In this blog, I will share my experience with data pre-processing, what is meant by data pre-processing and why we need it, how I encountered many unknown errors in making models with large data, and will show all images of my errors through which you can understand the need for data pre-processing.
The method of converting raw data into useful data, that can be used further to analyze or predict.
![](https://cdn.hashnode.com/res/hashnode/image/upload/v1671704073243/y13uVSxCN.png align="center")
-
Making data consistent - It means removing the duplicate data during preprocessing which makes data consistent for further analysis.
-
Improving accuracy - As pre-processing removes missing or inconsistent data which results in improved accuracy of the dataset.
In my dataset(10k+ data with dtype=float32) has some of the data '-inf' as their values.

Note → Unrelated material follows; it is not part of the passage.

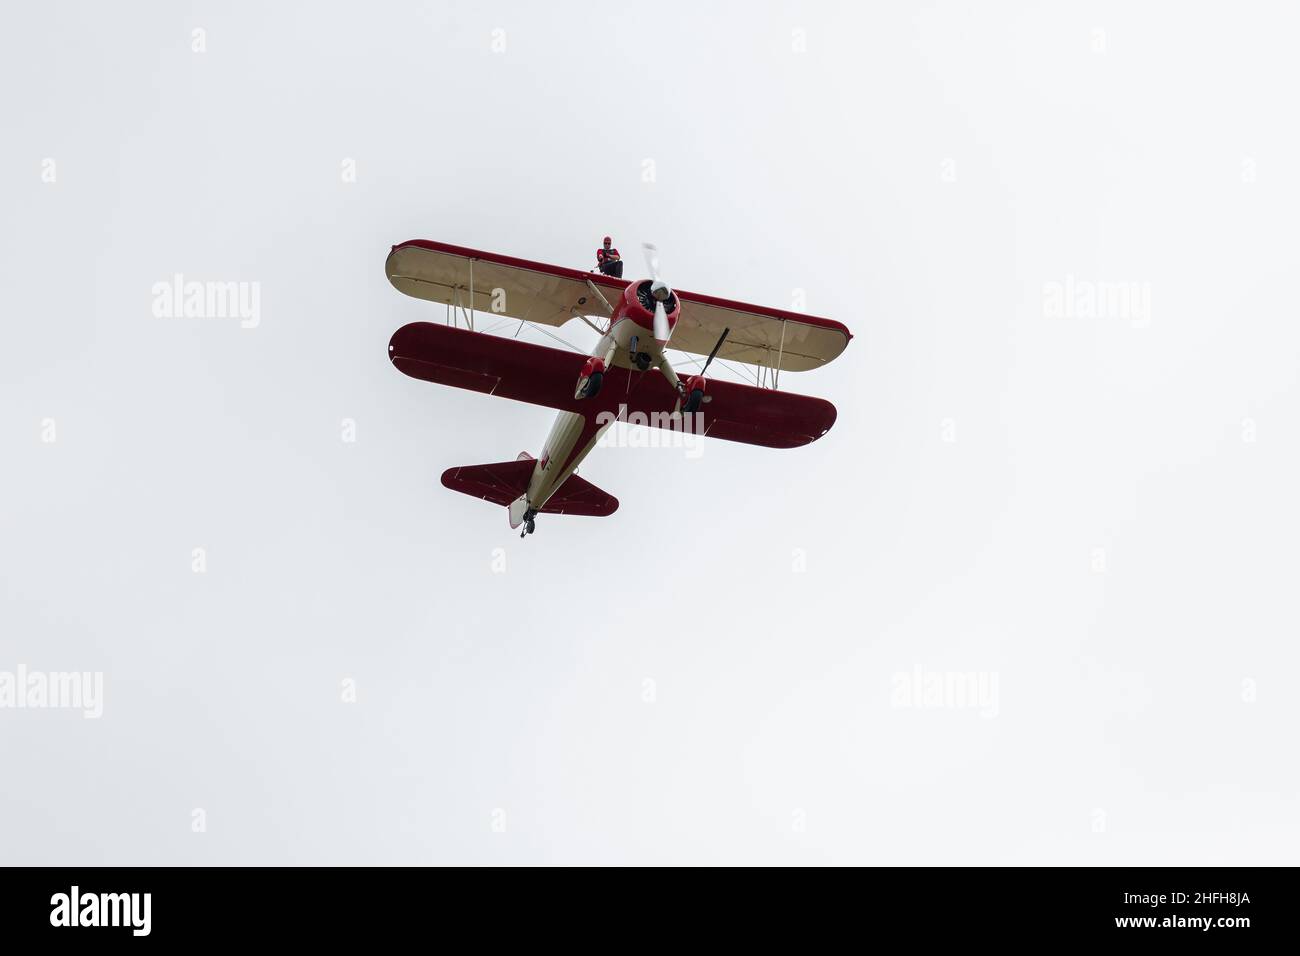 Aerobatics combined with a wingwalk on a biplane Stock Photo

![](https://cdn.hashnode.com/res/hashnode/image/upload/v1671705793095/Fh1Ncyedg.png align="center")
which results in mse(mean square error) loss as 'nan' and accuracy as 0.00 .
![](https://cdn.hashnode.com/res/hashnode/image/upload/v1671704949173/xlOa_FVNz.png align="center")
At the start, I was not aware why it was showing loss and accuracy like this(nan and 0.00), so I started to decrease the dataset and tried with a dataset of 100 values which of course will not make a good model but can point out the error behind 'nan' loss and 0.00 accuracy.
Fortunately, I pointed out that this 100-value dataset has not any value as '-inf', as it was present in other parts of the whole dataset, and with those 100-data I found the output, it was successful with very less accuracy. Through this experiment I again preprocessed the whole dataset(10k+) with the replacement of '-inf' as 0, to test the results.
Removing these missing values with an appropriate value, I found this result-
![](https://cdn.hashnode.com/res/hashnode/image/upload/v1671705391682/wW0VLnNZu.png align="center")
don't just look at numbers as they aren't pointing at a good model but I got rid of 'nan' loss and 0.00 accuracy. Upon model, I'm still working.